С конца восемнадцатого века время как объект познания индивидуума стало предметом экспериментов в области повествования, предпринимаемых писателями, такими как Руссо и Стерн. В середине девятнадцатого века, после Канта и Шопенгауэра, вопрос о существовании и несуществовании времени в его отношении к человеческому сознанию был уже темой ученических сочинений.
Толстому-писателю предстояло сыграть немаловажную роль в продолжавшихся попытках писателей ловить время. Но в юные годы он разрабатывал первые, домашние методы по управлению течением времени при помощи повествования в своем дневнике.
Молодой Толстой едва ли знал Августина. (Много позже, читая Августина, Толстой обратит внимание именно на проблему времени и повествования и хорошо поймет ее богословский потенциал[19].) Но молодой Толстой хорошо знал Руссо, и присутствие Руссо в дневнике вполне ощутимо[20]. Он хорошо знал и Стерна.
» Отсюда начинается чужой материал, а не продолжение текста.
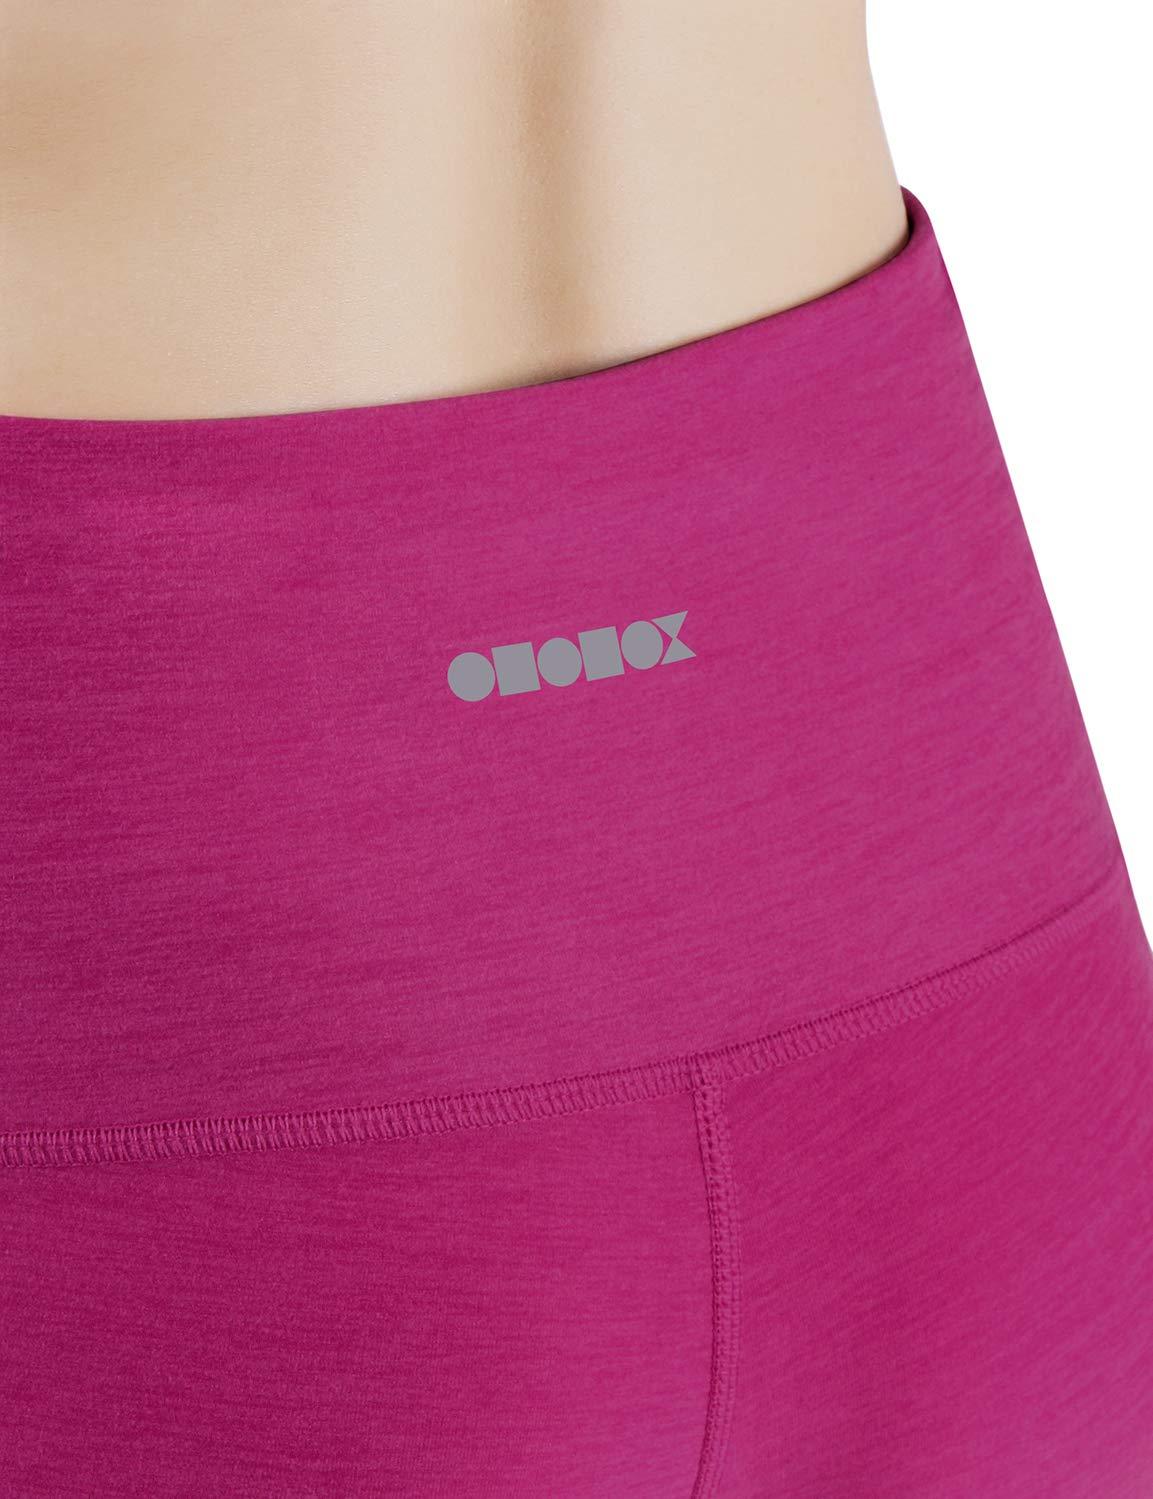 ODODOS High Waist Out Pocket Yoga Capris Pants Tummy Control Workout Running 4 Way Stretch Yoga Leggings,Fuchsia,X-Small by ODODOS (Image #5)

Однако можно думать, что главным образом Толстой постигал проблему времени в процессе писания дневника. Зафиксированное в дневниковой записи, прошлое останется с ним, а будущее, запланированное в письменном виде, уже существует. Создавая будущее прошедшее и настоящее будущее, Толстой отчасти успокаивал страх перед бесследно проходящей жизнью. Но в одном пункте его усилия не привели к желаемому результату: ему не удавалось ухватить настоящее.
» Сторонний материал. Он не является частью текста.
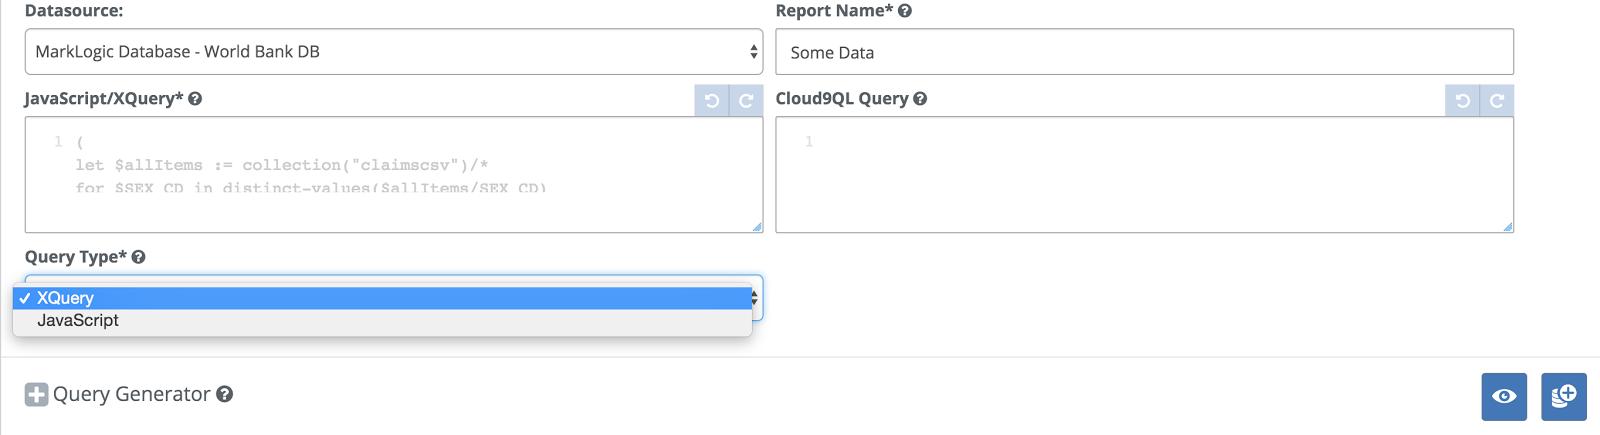 JavaScript Query support for MarkLogic + MarkLogic World

«История вчерашнего дня» (1851)
В марте 1851 года Толстой взялся за дело, которое он давно уже обдумывал: написать полный отчет об одном прожитом дне – историю вчерашнего дня. Его выбор пришелся на 25 марта: «не потому, чтобы вчерашний день был чем-нибудь замечателен <…>, а потому, что давно хотелось мне рассказать задушевную сторону жизни одного дня. – Бог один знает, сколько разнообразных, занимательных впечатлений и мыслей, которые возбуждают эти впечатления <…> проходит в один день. Ежели бы можно было рассказать их так, чтобы сам бы легко читал себя и другие могли читать меня, как и я сам, вышла бы очень поучительная и занимательная книга, и такая, что недостало бы чернил на свете написать ее и типографщиков напечатать» (1: 279). Это был эксперимент: Толстой знал, что написать такую историю невозможно, и тем не менее он принялся за дело[21].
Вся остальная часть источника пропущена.